Bernard Richard is suffering the bitter consequences. Every day, he and his family can see the grand old house they used to live in from the caravan that is now their home.
His family has made wine for generations at Chateau Fourton La Garenne, but prices for his grape harvest have all but collapsed.
"It's a catastrophe. What's happening now is that those in charge want to get rid of us, the smaller producers, so that France will be left only with the big wine producers, who can compete with the Americans or the Australians," he says angrily.
Mr Richard and his wife made the decision to sell their home in order to keep their business on their 30th wedding anniversary.
Crisis distillation
Some wine-growers here admit that complacency may have added to their woes.
Bernard Farges of Chateau de l'Enclos is one of many growers in Bordeaux who is likely to be forced into crisis distillation - with a portion of his lovingly-grown wine due to be turned into ethanol.

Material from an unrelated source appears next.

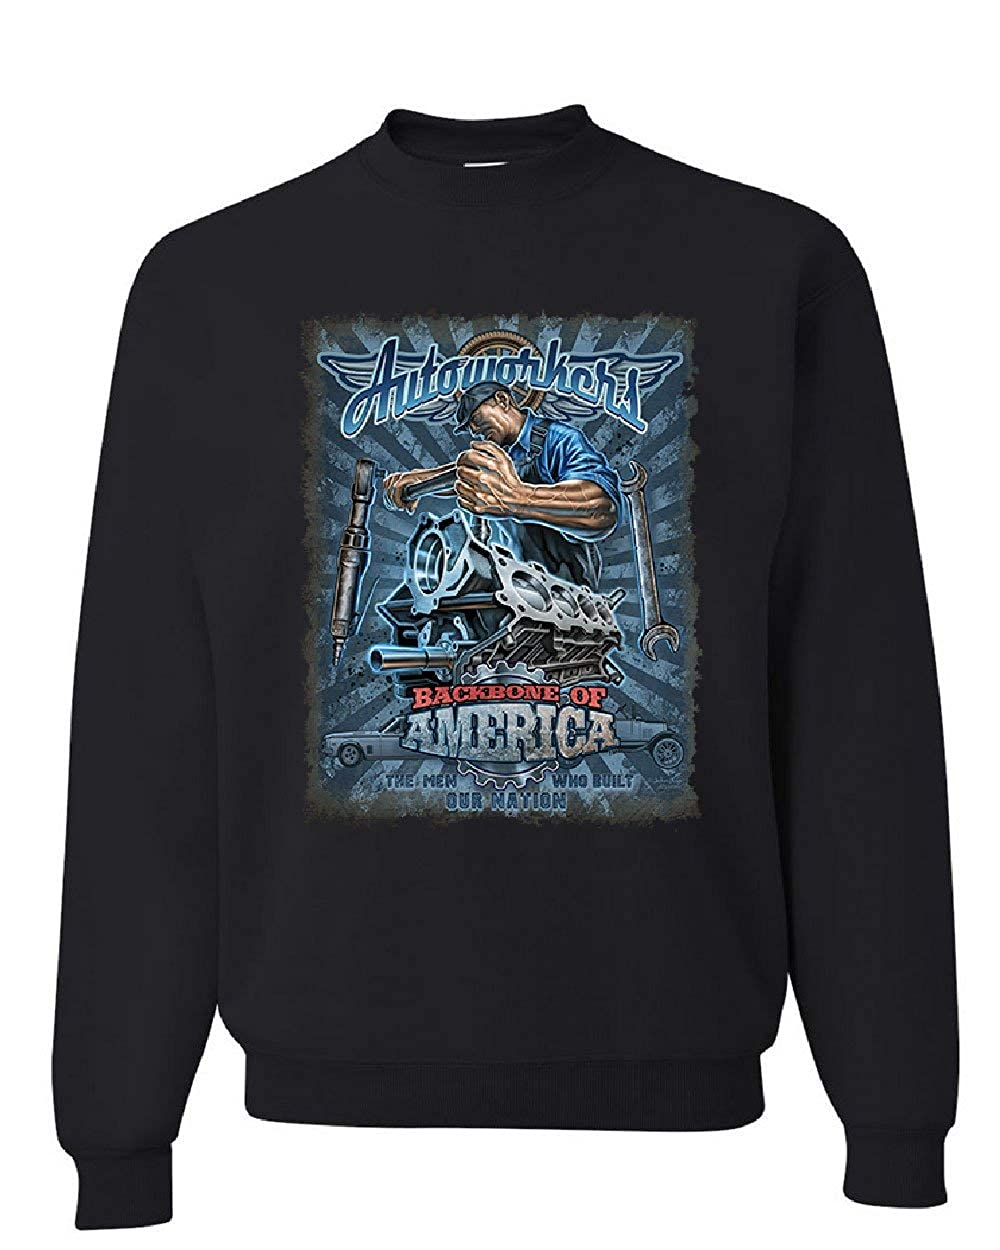 Autoworkers Backbone of America Sweatshirt Car Motor Mechanic Union Sweater

The EU will pay a subsidy for each litre, plus a small extra tranche of money from the local wine-growers' co-operative, making it more profitable for growers here to distil their wine into undrinkable pure alcohol than to sell it.
"The crisis distillation is by its very nature a proof of failure," Mr Farges tells me, gesturing at his carefully tended vines that weave their intricate patterns across the hillsides.
"But this failure is the result of bad decisions taken over a long period by our collective masters. Somehow, they thought wine wasn't a product like any other. But alas, it is - and however nice it is to drink, we can't carry on producing more than we can sell."
'Fine tradition'
In the long-term, the EU wants wine-makers in France, Spain and Italy to pull up an eighth of Europe's vines, a radical measure which some French regions are beginning to accept and even act upon.
Yet wine critic Francois Despagne believes that the Bordeaux region itself still has a bright future, however great the competition from New World wines.
"We have our history, our work, a fine tradition and a way of doing things that has been tested by time," he says with a smile, as he raises a glass of the rich red produce of St Emilion - a picturesque hillside town in Bordeaux whose grand caramel-colour stone buildings grew from the profits of the vine.
"I don't say we are the best in the world, but we produce very, very good wine. For me, Bordeaux is still a dream wine and definitely one for the future."
Smaller wine-growers here hope desperately that he is right, if the vineyards of Bordeaux are to stop their lifeblood slowly draining away.